Attendance: local(Gavin, Jean-Philippe, Ignacio, Simone, Harry, Jamie, Maria, Kate, Manuel, Steve, Tim, Patricia, Dirk, MariaDZ, Nilo, Lola);remote(Michael, Jon, Angela, Joel, Gonzalo, Ronald, Gang, Jeremy, Tiju, Stefano Zani (INFN TIER1), Rob, IanF).

Experiments round table:

  • ATLAS reports -
    • This morning the ATLAS DDM dashboard was unavailable for approx 1h. The problem was observed at 10:45, during the rolling intervention to the database. Trying to restart the dashboard apache server as in the procedure did not work, so dashboard support has been contacted.
      • Explanation from David Tucket: "For some time we could not make a connection to atlas_dashboard database. Probably due to the intervention you indicated (although it was only supposed to affect existing sessions). The database is now available and I have restarted the DDM Dashboard, consumers and agents. All seems to be running normally. I'll continue to monitor the situation and look into why the various systems did not recover themselves when the database became available again."
      • As far as I can tell, no other ATLAS service was affected.
    • After lunch (report from Florbella at 14:15) the all ATLR RAC become unaccessible.
      • Report from Florbella "All services on ATLR are down due to a cluster problem related with the rolling security updates. All services mentioned (DQ2 Services , Panda, Conditions,T0, Prodsys) as well as all related offline applications are down. An update will be posted when services are restored."
      • In addition, also the Dashboard is down again. Is it the same problem?
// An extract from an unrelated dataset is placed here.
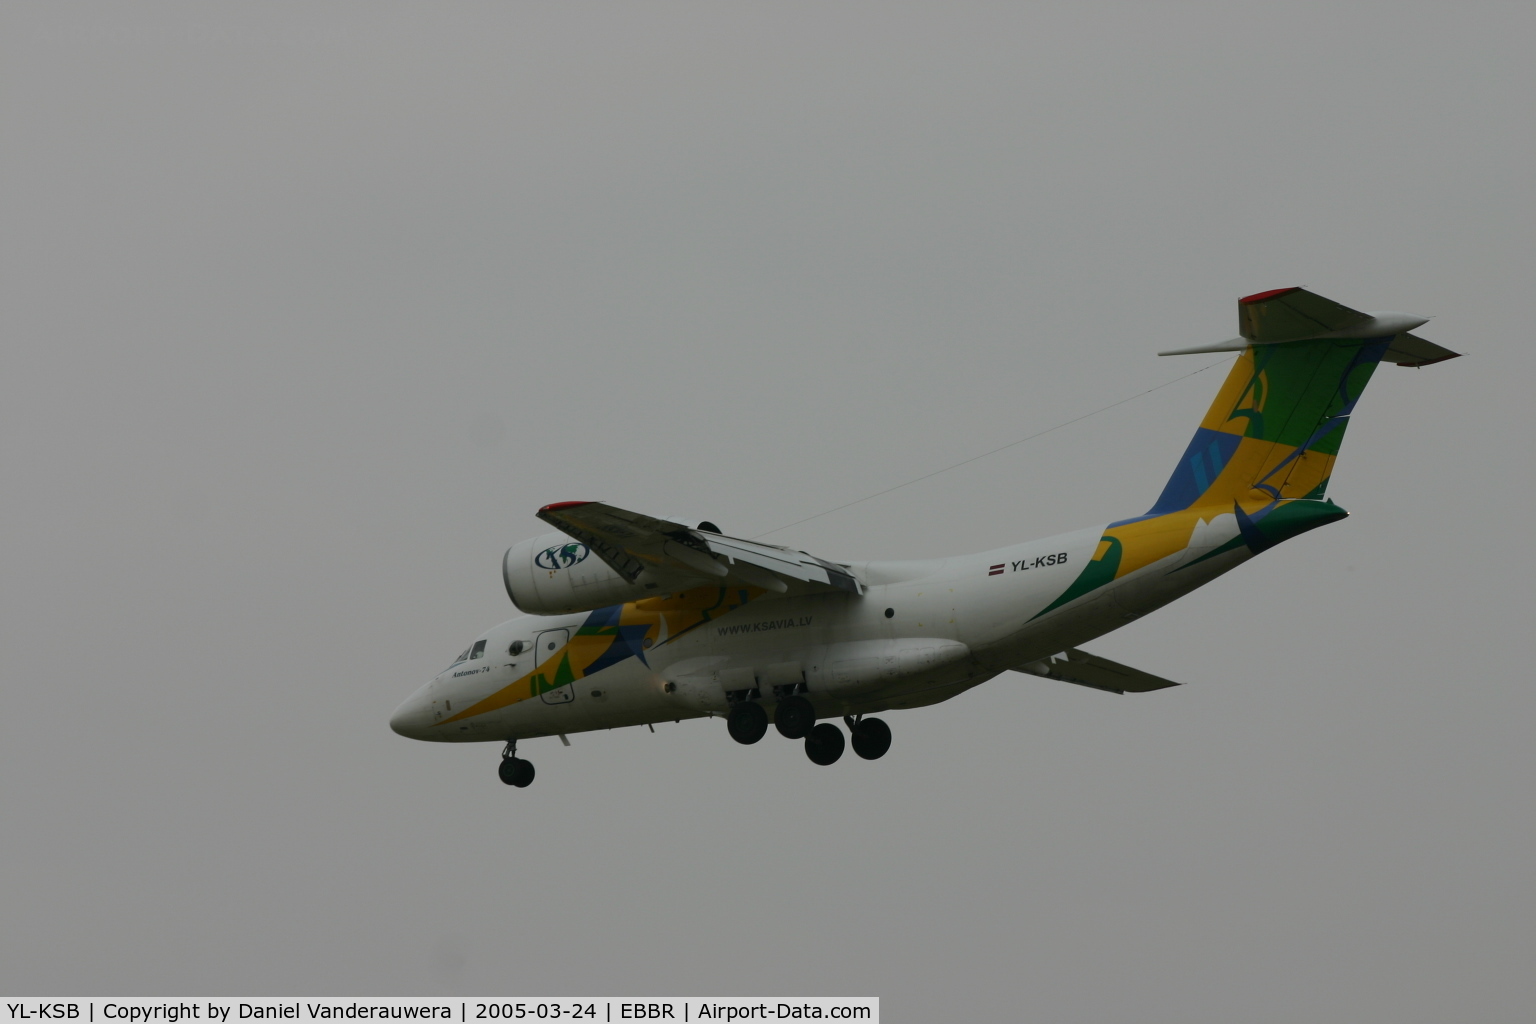 YL-KSB, 1994 Antonov An-74 C/N 36547136013, descending to rwy 25R

I thought Dashboard was on WLCG RAC as well as ATLAS LFC and the latter is OK.
    • Alarms for the ATLAS CERN critical tests have all been sent (11 tests) * GGUS:58654, GGUS:58656, GGUS:58657, GGUS:58674, GGUS:58675, GGUS:58676, GGUS:58677, GGUS:58687, GGUS:58688, GGUS:58689, GGUS:58690
    • BNL-LYON slow transfers issue still being investigated (GGUS:58646)
    • FTS 2.2.4 - still see no problems after 4 days of running

  • CMS reports -
    • T0 Highlights
      • Another Heavy Ion Test Today
    • T1 Highlights
      • Mopping up 3_6_1 reco. Skims are in progress on the reprocessed data.
    • T2 Highlights
      • MC production as usual
    • Oracle RAC node still down

  • ALICE reports - GENERAL INFORMATION: No reconstruction nor MC activities. Two User analysis trains currently in production
    Raw data transfer activities from the T0 to the T1 sites ongoing to CNAF, FZK, NDGF and RAL
    • T0 site
      • LanDB set issue reported yesterday (still the set appeared empty): SOLVED. This morning the solution has been confirmed by PES experts. The next step is to inform the security team. They will have to change the firewall exceptions from the previous LanDB to the current one. Once this operation is done, the previous LanDB can be deprecated.
      • ALARM ticket tests at the T0: 4 alarms already submitted for CASTOR, xrootd, VOBOXES and CREAM. Tickets for the VOBOX and for CREAM have been closed. CASTOR experts reported the piquet had not been called, so something in the chain did not work as expected.
    • T1 sites
      • FZK. Feedback about CREAM1.6: the site has been configured in LDAP to use exclusively the CREAM1.6 system at the site. The system had been able to run more than 1000 concurrent jobs during the last night. No issues to report
    • T2 sites
      • Ticket GGUS:58591 submitted to Cagliari: involving the ALICE experts in Italy to solve the issue
      • Minor operations required this morning in Madrid. Restart of all local services

  • LHCb reports -
    • Experiment activities: (see full report)
    • MC production ongoing
    • Tested and verified the GGUS ALARM workflow at CERN for the LHCb critical services
    • GGUS (or RT) tickets:
      • T0: 0
      • T1: 1
      • T2: 2
    • Issues at the sites and services
      • T0 site issues:
        • none
      • T1 site issues:
        • Issue at SARA with SAM tests. Confirmed that it was one diskserver with CERN CA expired. Some other failures observed due to one of the diskservers in maintenance (GGUS:58647).
        • dCache sites in general: (Input for the T1 coordination meeting). Details available on GGUS:58650
      • T2 sites issues:
        • GRISU-SPACI-LECCE: shared area issues
        • UK-T2 sites upload issue: GGUS open for middleware: GGUS:58605 Jeremy - not much to comment at moment. Have issues at several sites. NAT sites + gridftp but ok at some sites. Still investigating.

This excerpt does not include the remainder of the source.